Senator John McCain, R-Ariz., today responded to President Obama’s criticism of the recently released Republican jobs plan in the Senate by throwing back a fiery criticism of Obama’s jobs bus tour this week.
“I’ve never seen an uglier bus than the Canadian one he’s traveling around on – a Canadian bus touting American jobs. So — and one of the reasons why Americans and I and my colleagues are a bit skeptical, because we’ve seen this movie before,” McCain said on the Senate floor this afternoon.
McCain questioned whether it is appropriate for Obama to be traveling on the taxpayers dime, saying the president is “clearly campaigning,” because he’s visiting areas of the country “that have a lot to do in the view of many with the upcoming electoral calendar.”
In Asheville, N.C. today, the first stop of a three-day bus tour that will bring the president to Virginia as well, Obama said the Senate Republicans’ jobs plan amounted to little more than a plan to “gut regulations…to let Wall Street do whatever it wants….to drill more…(And) to repeal health care reform. That’s their jobs plan.”

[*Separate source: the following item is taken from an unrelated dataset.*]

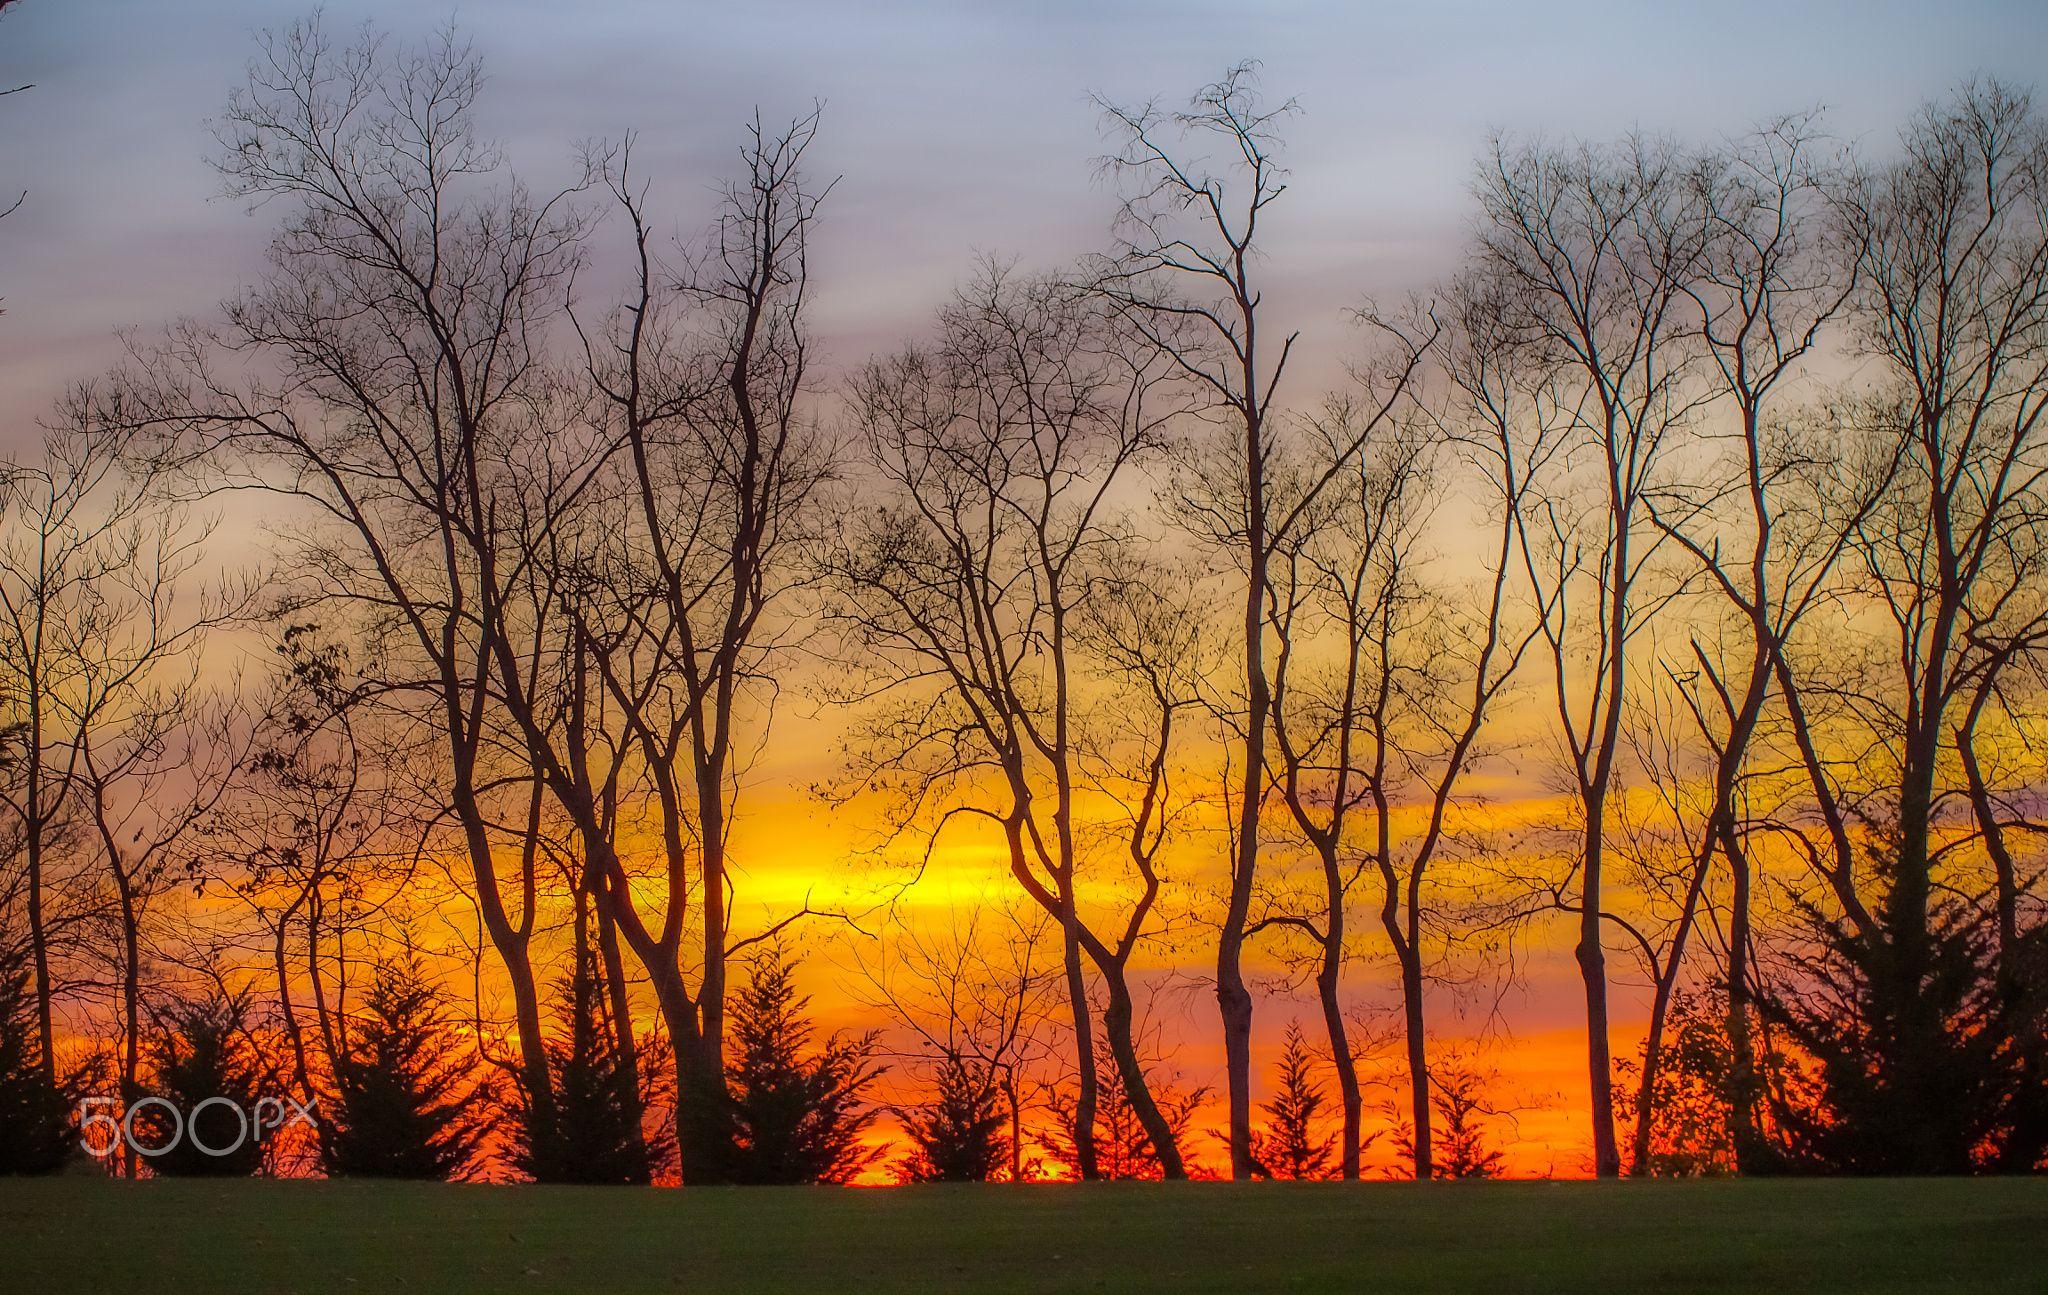 Sunset Thanksgiving Day - OLYMPUS DIGITAL CAMERA

Responded McCain, “I was somewhat taken aback since the president and his spokesperson had billed his trip as a taxpayer paid visit. And in his remarks, the president was very strongly condemning of the plan that we have put forward. In fact, remember, my colleagues and friends, the president made these remarks on a taxpayer-paid-for, riding in a Canadian bus, visit for the next three days.”
McCain defended the Republicans’ plan, released last Thursday, saying it is a “commonsense alternative” to the Democratic plan. He called President Obama’s plan just another stimulus.
“It didn’t work. It added to our debt and deficit, and we lost jobs,” McCain said.
During the 2008 presidential campaign, McCain’s famous “Straight Talk Express” bus also bore the imprint of Prevost, the same Canadian company that designed the shell/chassis of Obama’s government-owned bus.
In August the U.S. Secret Service said it selected Prevost because it’s the only company that made a bus large enough for its security needs. The agency then had it built out and outfitted by the American company Hemphill Bros.